At the highest mantle of the University of South Carolina, President Robert Caslen leads the Gamecock community with the leadership style he gained through his years as an officer in the United States Army. He served more than 30 years, achieving the rank of Lieutenant General.
"I went into the infantry. I wanted to be at the tip of the spear in the crucible of ground combat. I'm a fighter, I always have been. So I chose Army Airborne Rangers," he said.
In the top drawer of his desk at UofSC lies a stack of memorial pamphlets: 54 names of men and women who served under him and gave their lives. He wears a memorial bracelet for a young officer under his charge from one of his seven deployments, with six similar bracelets nearby on the shelf. They all bear the names of those closest to him who have fallen in battle.
"I keep them close and read them from time to time. I don't want to forget them. I don't want to forget their sacrifice," he explained.

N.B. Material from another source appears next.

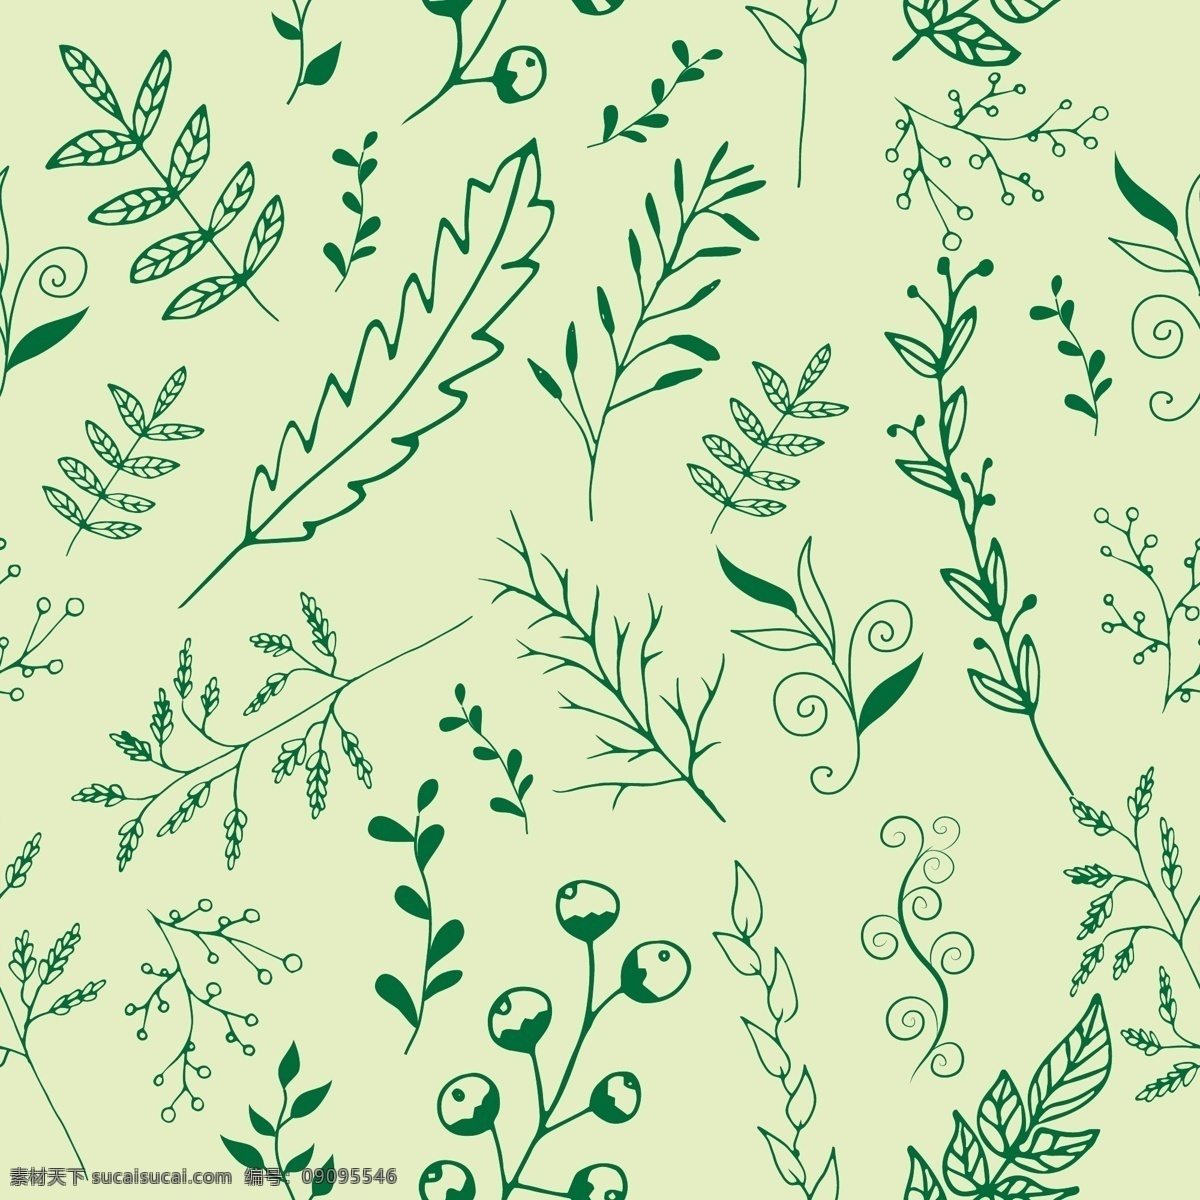 绿色 手绘 植物 叶子 矢量图 广告背景 广告 背景 背景素材 底纹背景 创意 简约 绿色背景 底纹

A career soldier to his core, one of Caslen's most memorable accomplishments is the nearly unthinkable instance of running back inside the Pentagon after American Airlines Flight 77 crashed into the building Sept. 11, 2001.
"I wasn't just going to stand there and do nothing. So I tried getting in twice," he said. "The guards wouldn't let me the first time, but I made my way around, got inside and started doing what I could." Caslen entered the building and performed tasks as small as turning off the stoves in the kitchens, to attempting to re-engage the ventilation systems and establishing a control center to open lines of communication with Airforce One and the White House. "It was a long night. The building was burning just down the hall, but we had a job to do," said Caslen.
It comes as no surprise that Caslen's sons share their father's views of service. His eldest is a firefighter who received the Georgia Medal of Valor in 2018 for pulling a mother and her small child out of a burning apartment. His middle son works for the FBI in counter terrorism, and his third son attended West Point and serves as a Captain in the US Army. "I love all of them, their kids, their wives, grandkids... I'm very proud to call them my sons," he said.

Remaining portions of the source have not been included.